* EXERCISE REQUIREMENTS *
Your answer must be the lines from the top of the listing below through the line that holds "TESSAN Voice Control", retyped exactly, with no pictures.

* INFORMATION SHOWN *

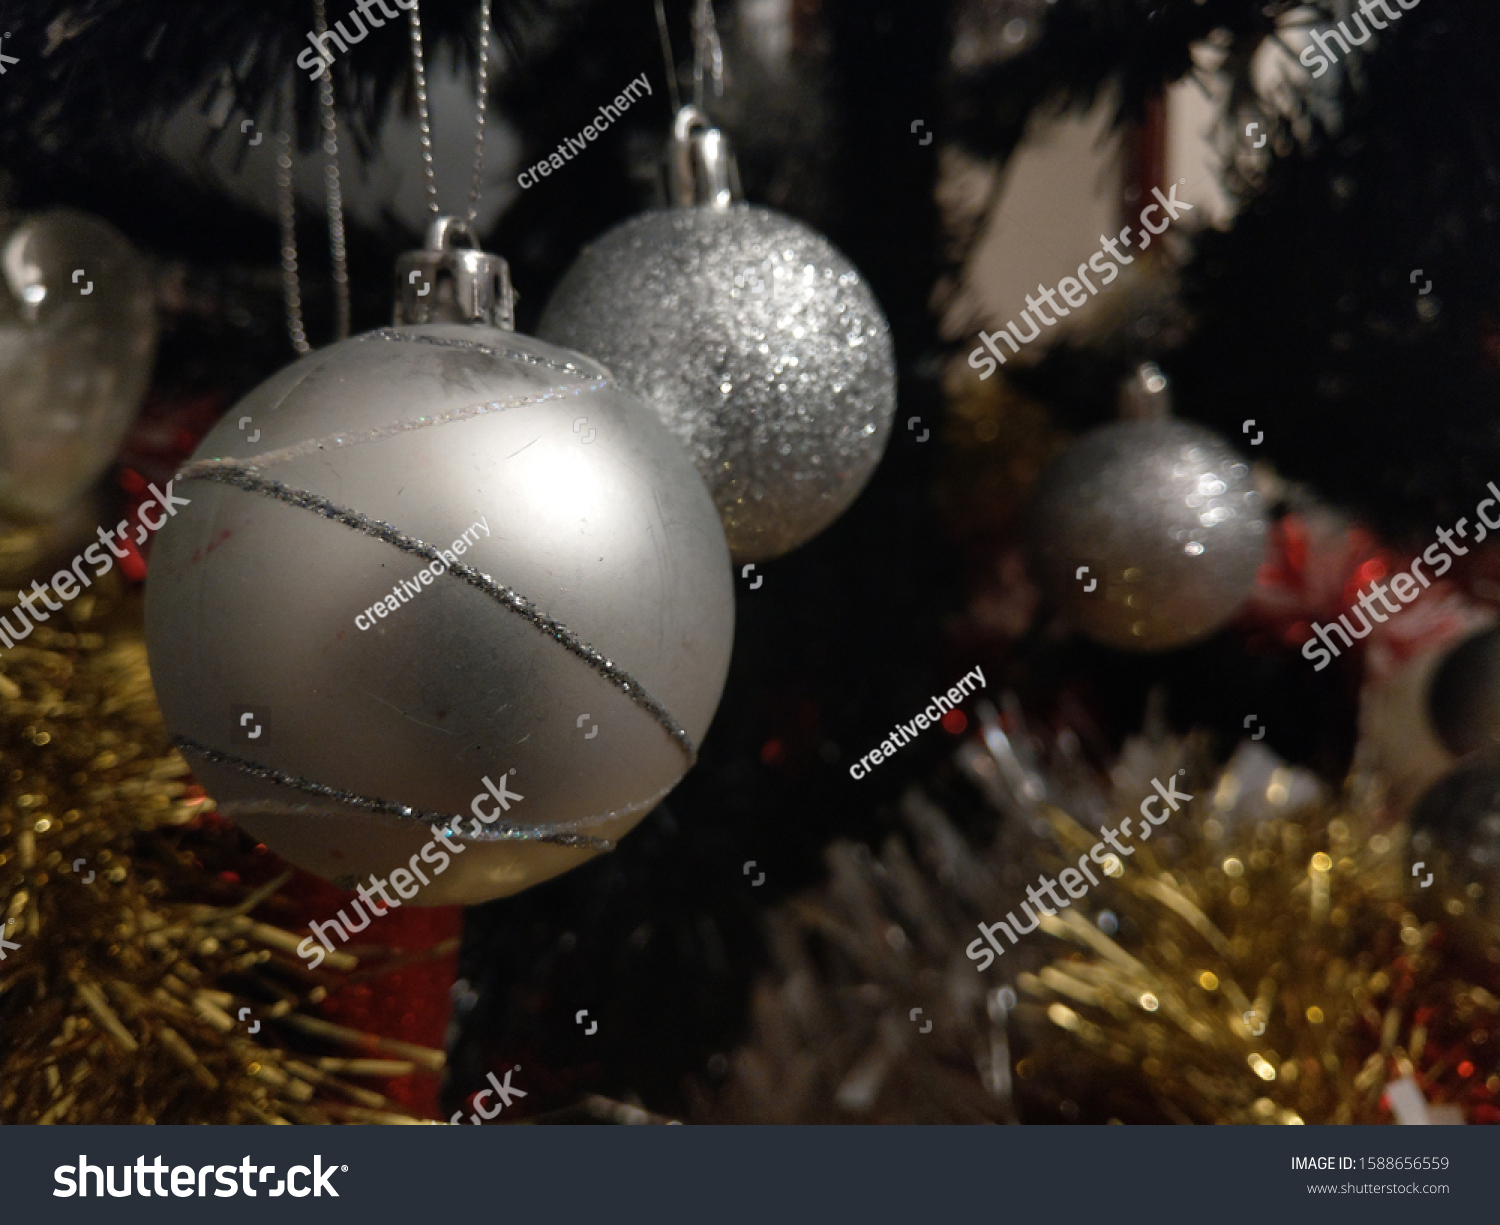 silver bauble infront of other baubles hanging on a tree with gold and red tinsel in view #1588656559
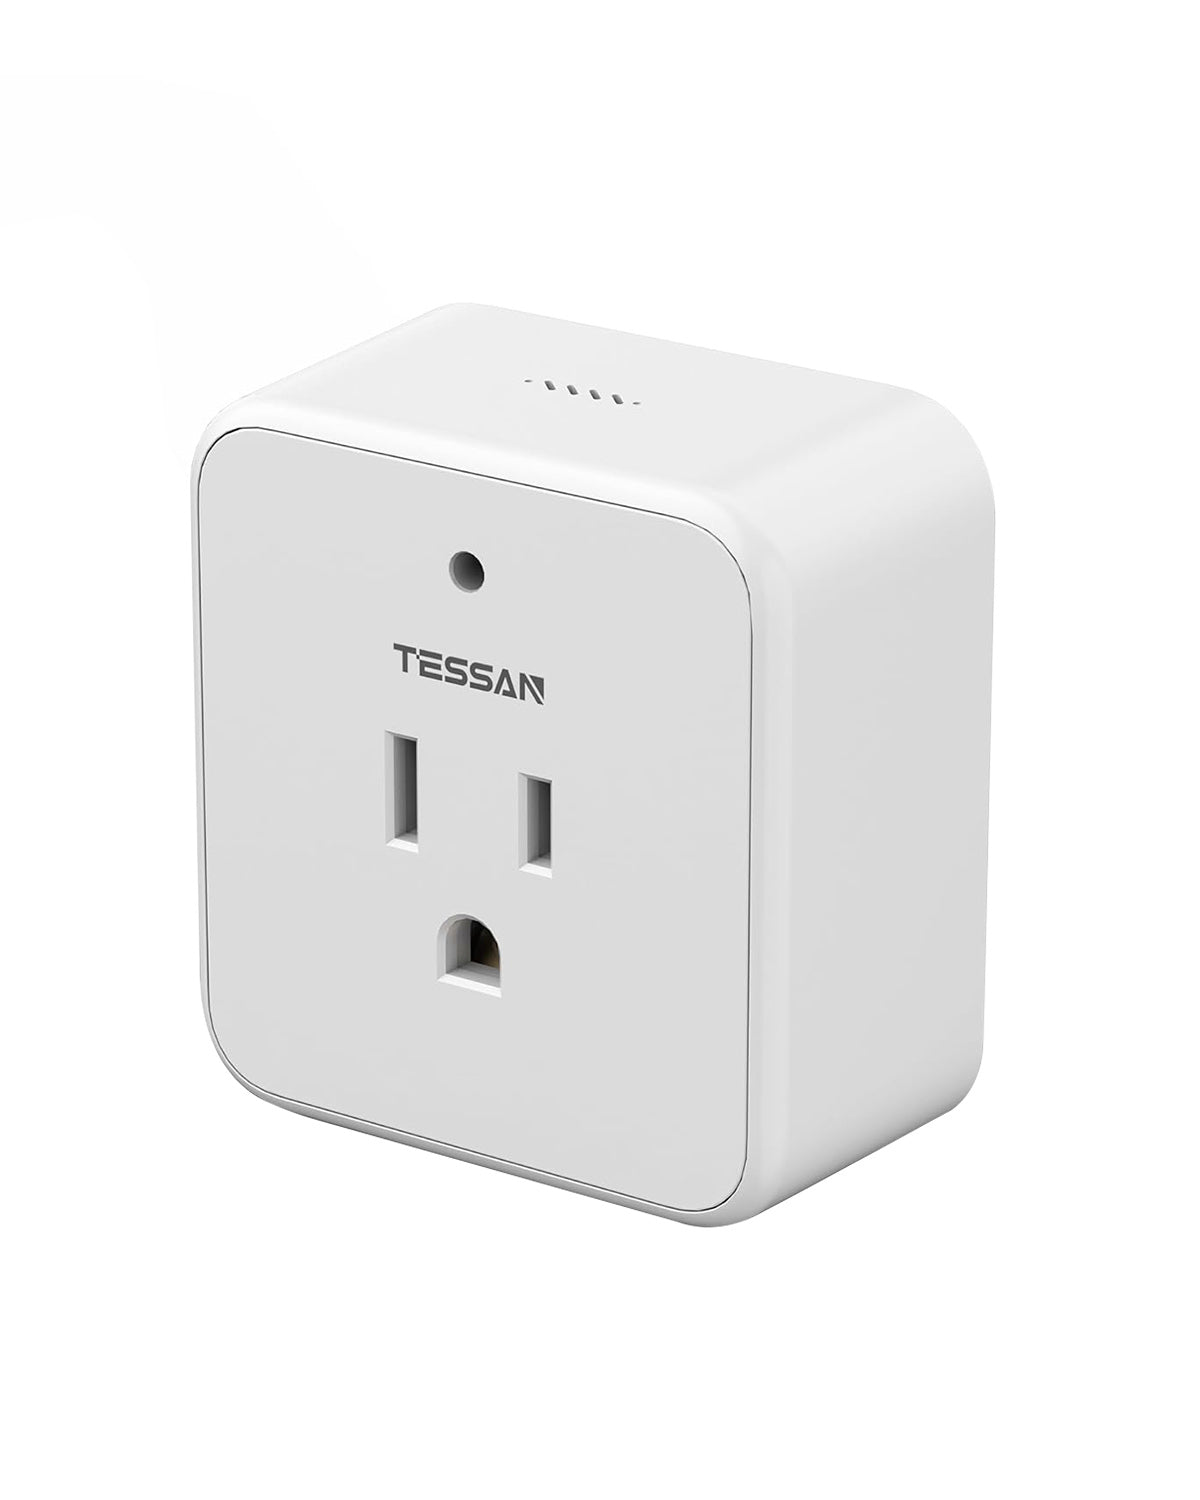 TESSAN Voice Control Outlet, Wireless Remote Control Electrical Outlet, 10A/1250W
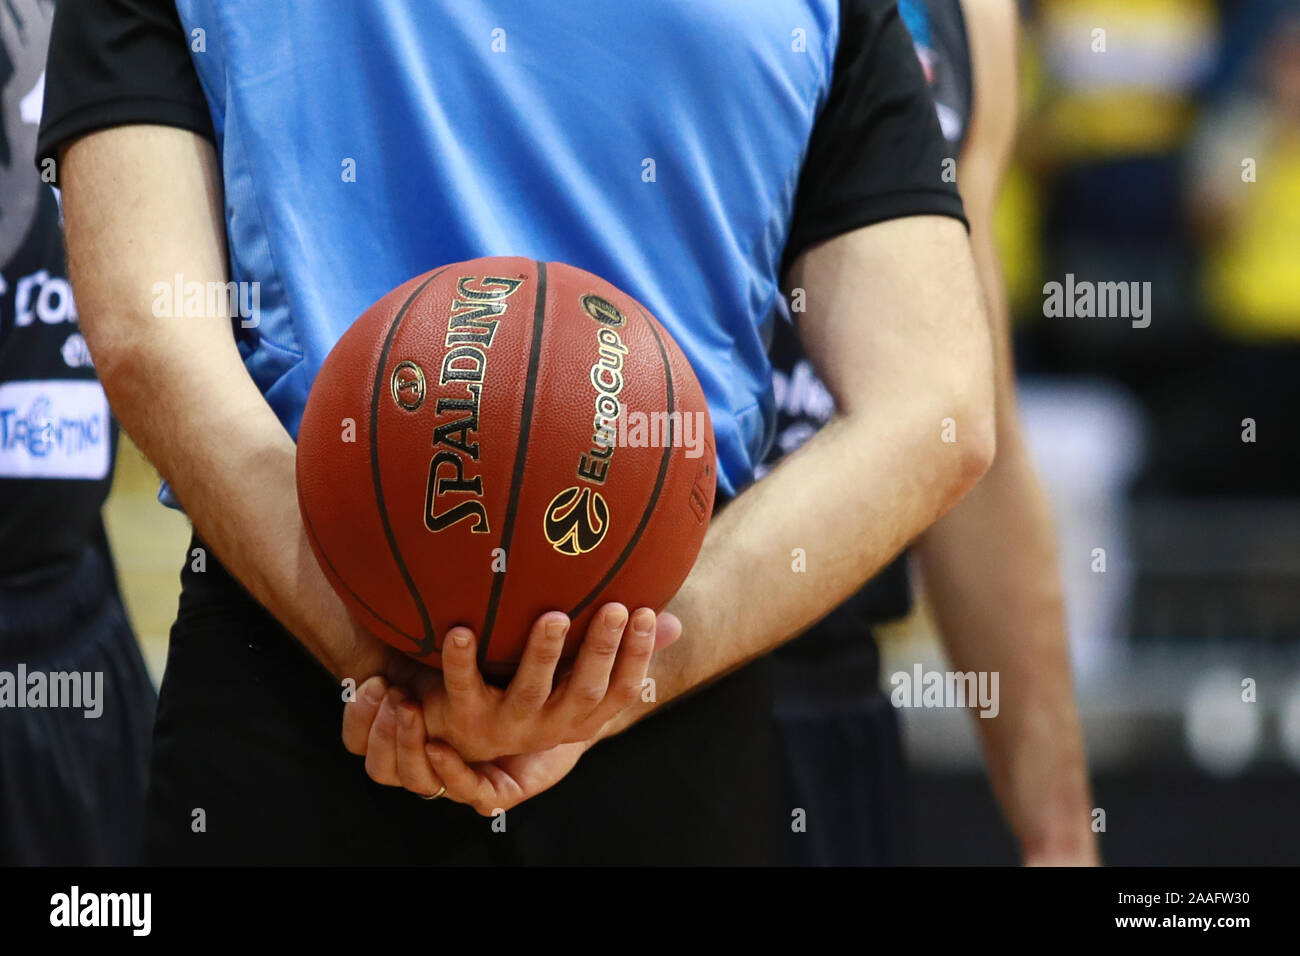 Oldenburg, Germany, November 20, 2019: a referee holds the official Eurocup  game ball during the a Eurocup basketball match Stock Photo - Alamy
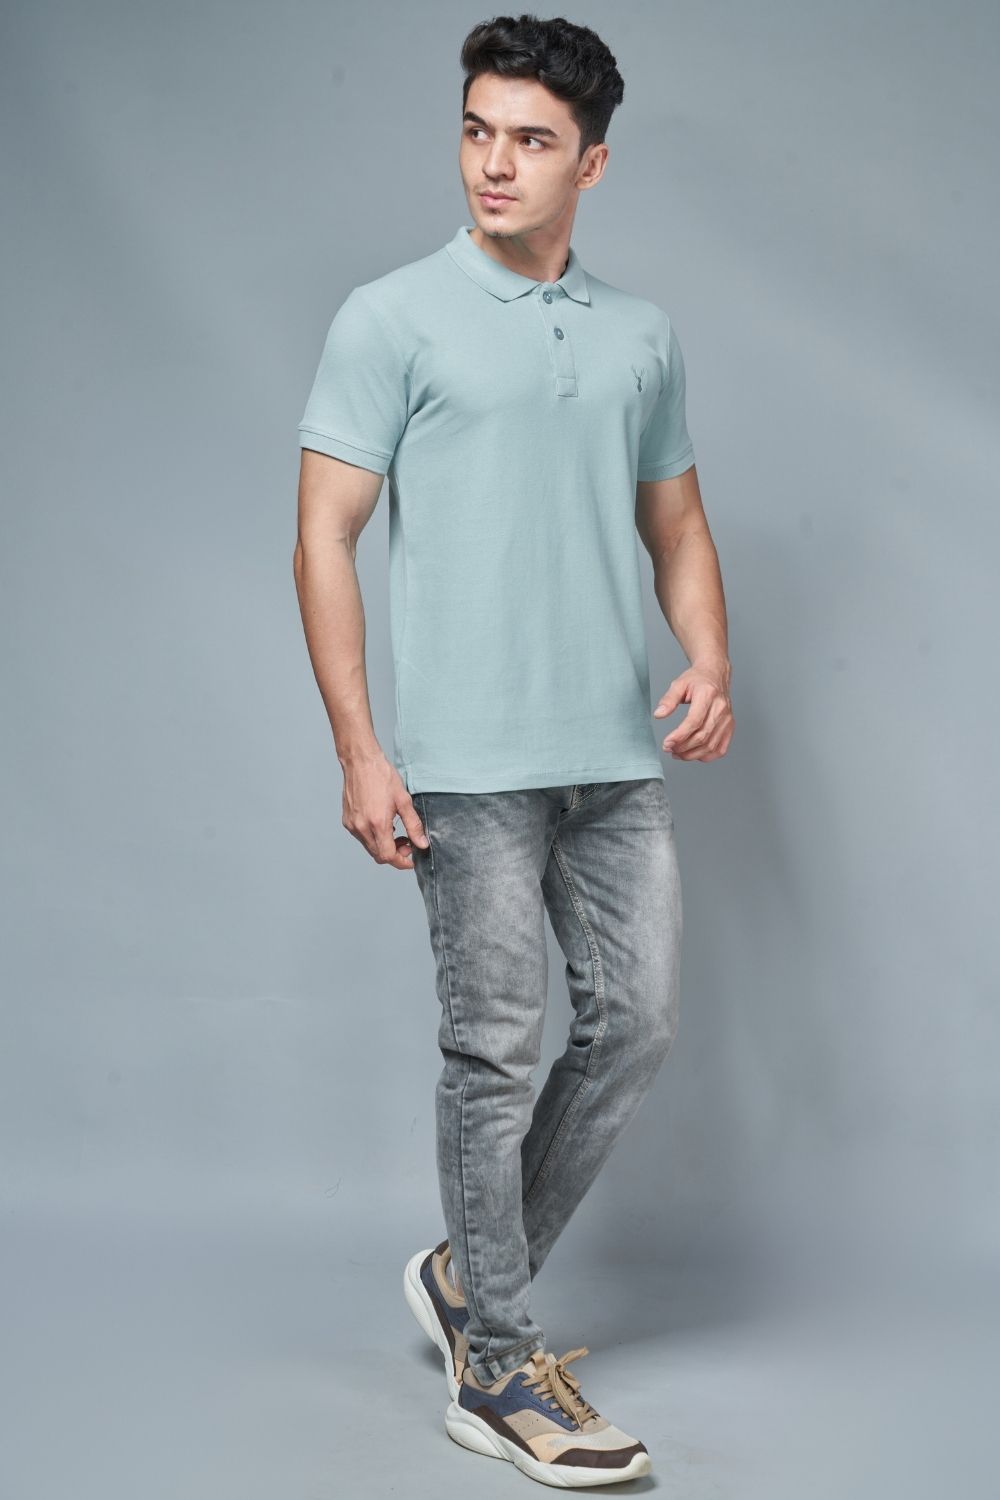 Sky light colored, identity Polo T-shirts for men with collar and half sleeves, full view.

* TASK ANSWER *
 silver bauble infront of other baubles hanging on a tree with gold and red tinsel in view #1588656559
 TESSAN Voice Control Outlet, Wireless Remote Control Electrical Outlet, 10A/1250W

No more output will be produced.